Access Control Overview

Access Control events, states and categories

Understanding how events, states and categories work together is important before developing a MIP-AC plugin.

Events used with MIP-AC are the ones well known to a given access control system, like “Door-opening” or “Door-being-unlocked”. Other events within the XProtect software, such as user-defined events or input activation events are not mixed in with events described here.

States hold the state of a specific unit, like “Door-open” or “Door-is-unlocked”.

State changes are often a result of an event, but a state also has a ‘start’ value when the system starts up.

There are built-in events and states in MIP-AC, but each AC plugin specifies what is available for its individual system. This also covers the situation where different versions of an access control system have different sets of events they can trigger.

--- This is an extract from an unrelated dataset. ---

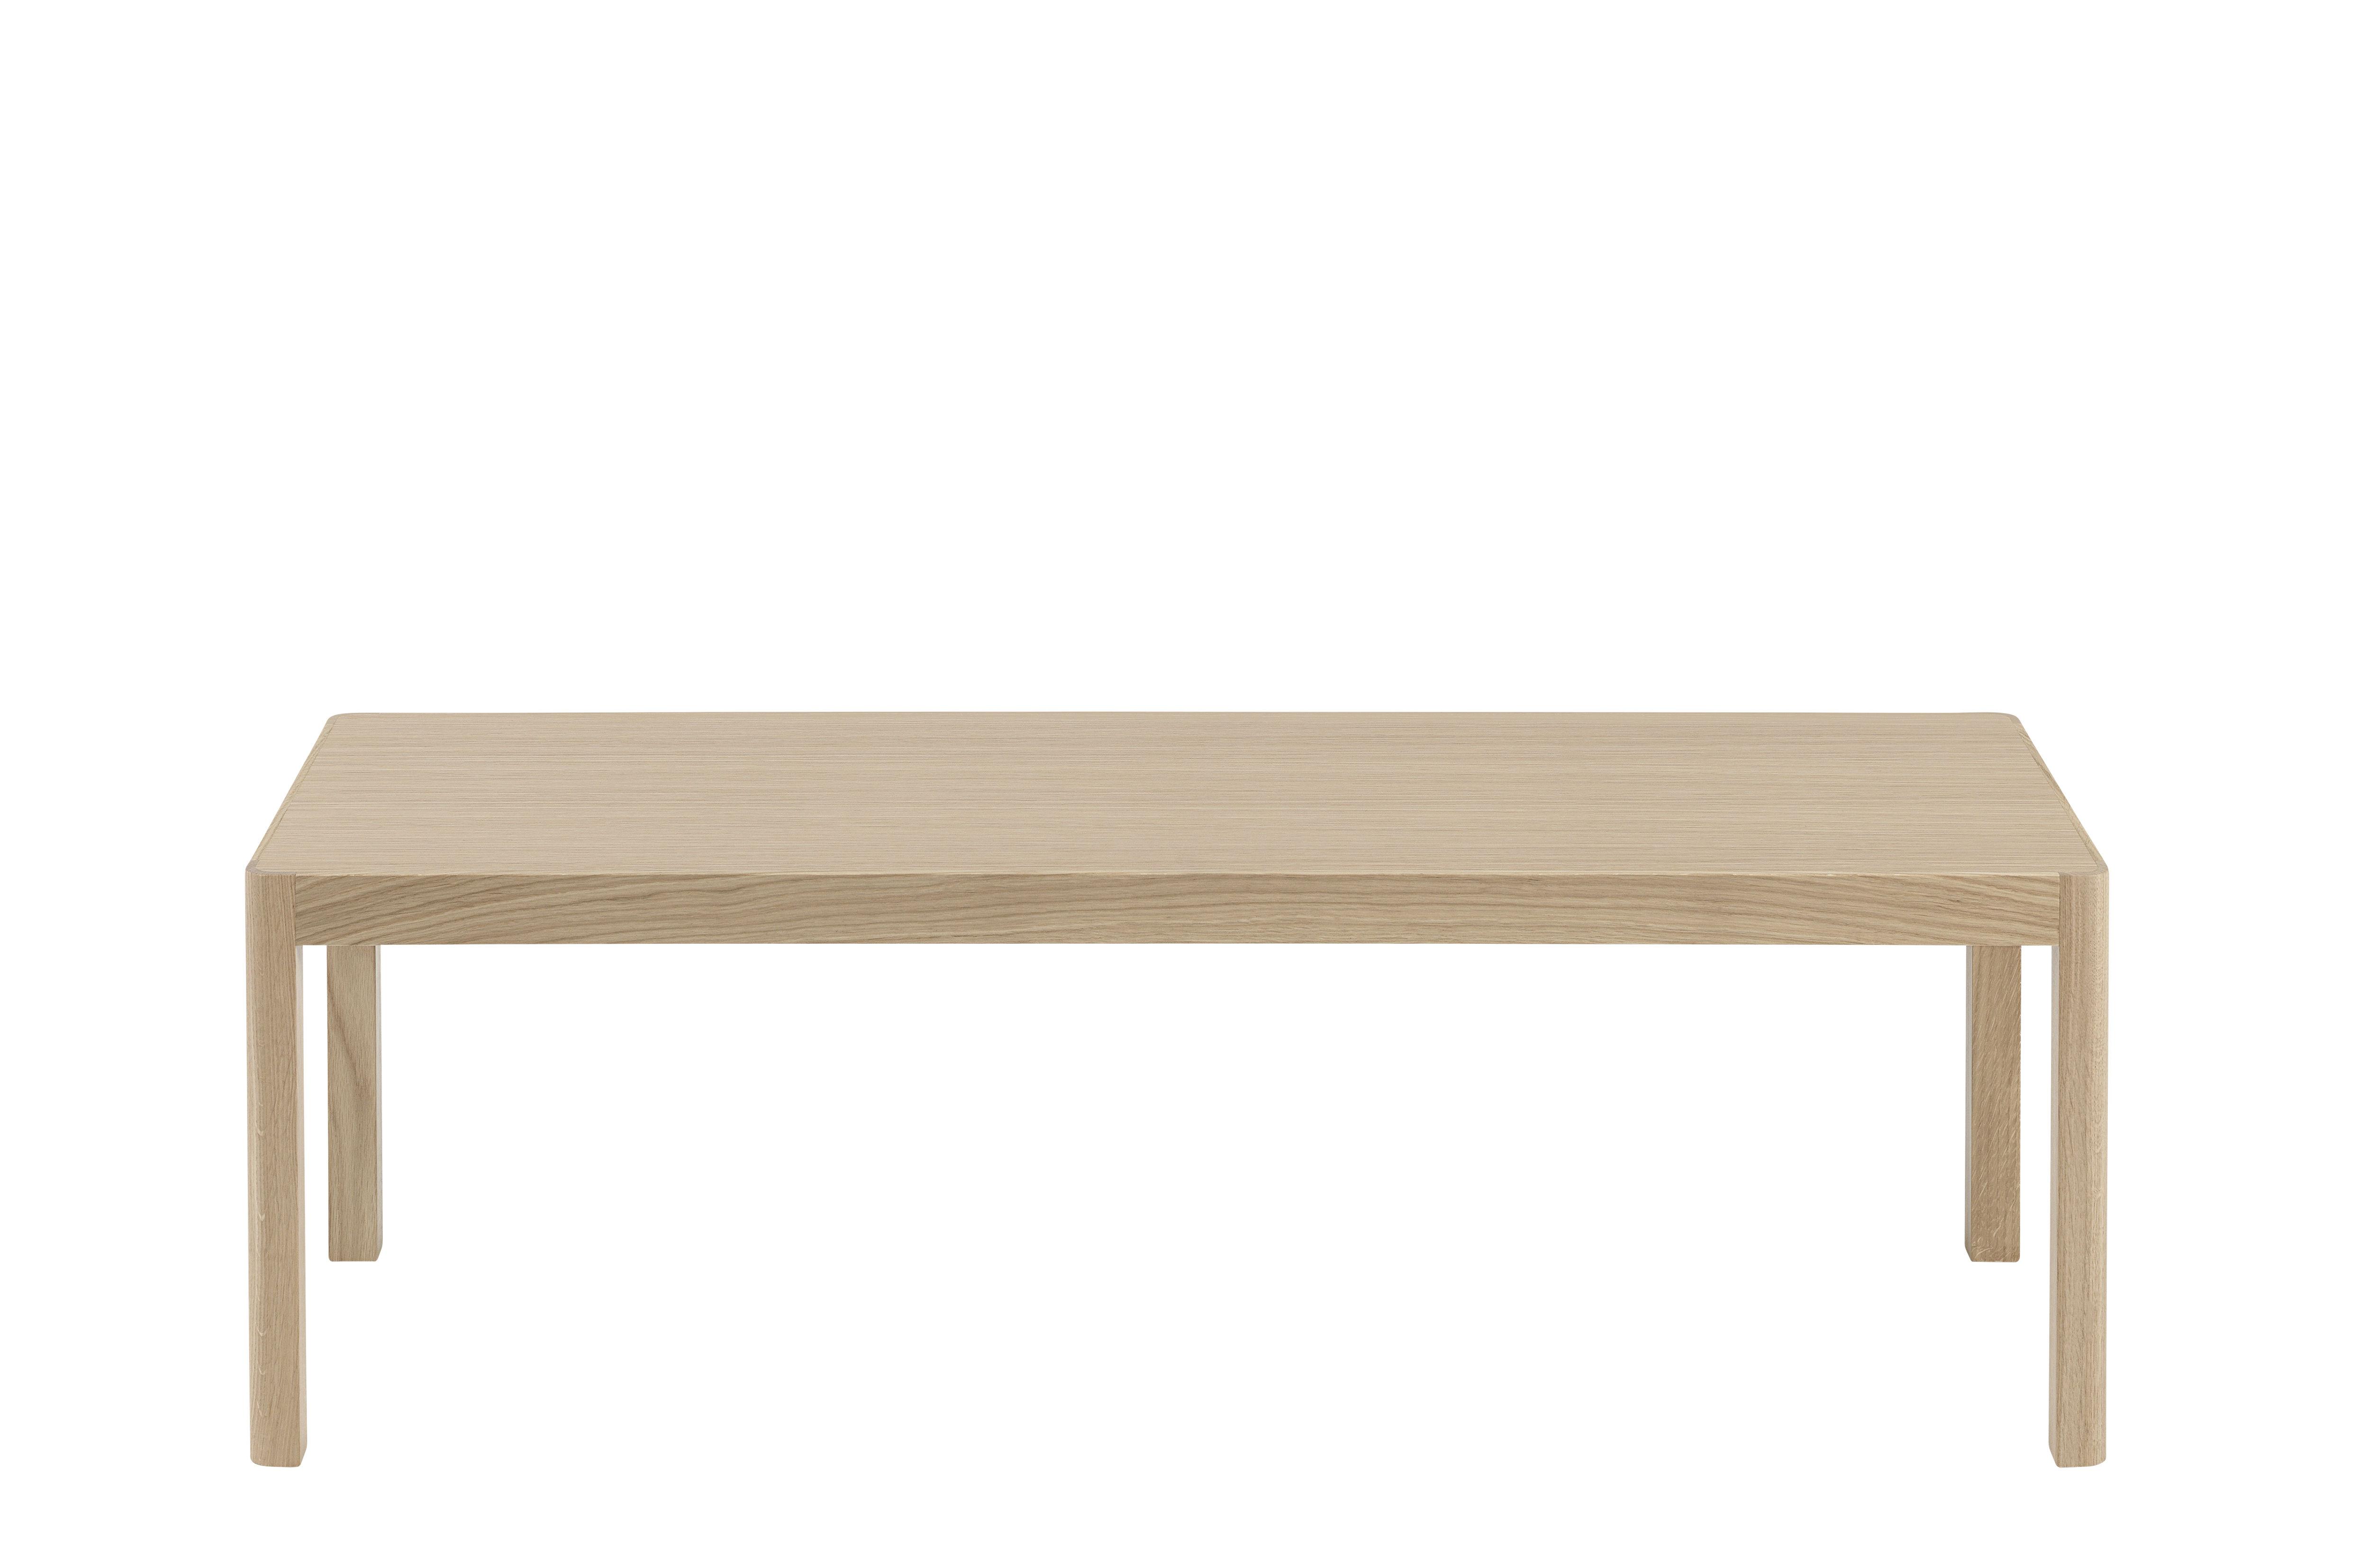 Möbel - Couchtische - Workshop Couchtisch / Holz - Muuto - Eiche natur - Eiche, hell
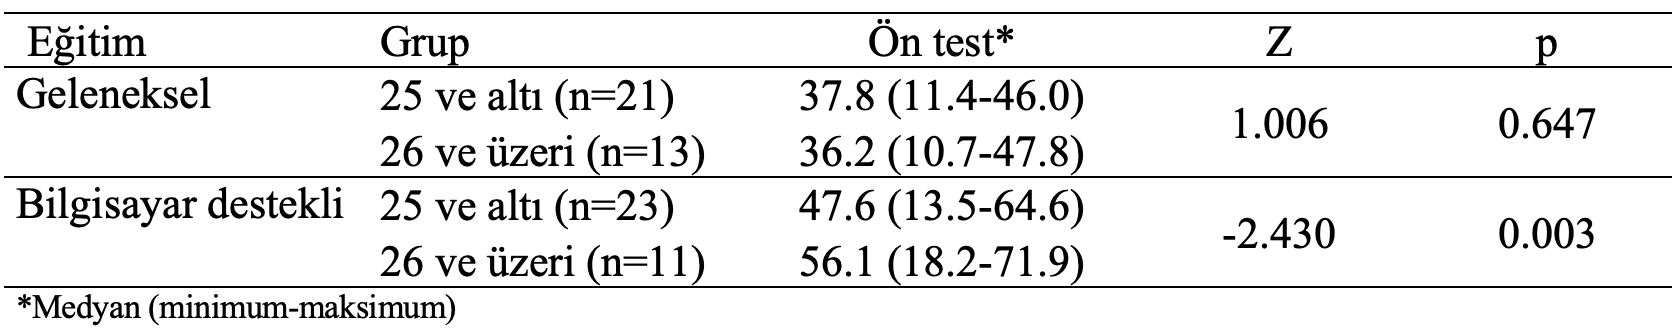 geleneksel-bilgisayar-destekli ön test yaş gruplarına karşılaştırma

Events and states should come directly from the access control system whenever possible. If it is possible to receive the supported list of events from a system, the MIP-AC plugin should ask for these during initial configuration fetching. If not possible to ask the access control system, the plugin will need to have a compiled list included in the AC plugin.

When many events are available, it can be a big task to configure alarms and actions. To solve this issue, event categories allow you to group a number of events into a category, and let the administrator configure alarms and actions based on the category, rather than configure each and every event individually.

Some event categories are built-in, the AC-plugin can define new categories, and the administrator can also define new categories as needed.

Categories can be used for grouping similar events together, like “Access Point error”, and “Access Point powered off” to a category like “Access Point down”, or simply “Error”. And the administrator can then just create one alarm for all events belonging to this category.

Categories can also be used to combine events that should be handled in a similar way, for example have the same action executed.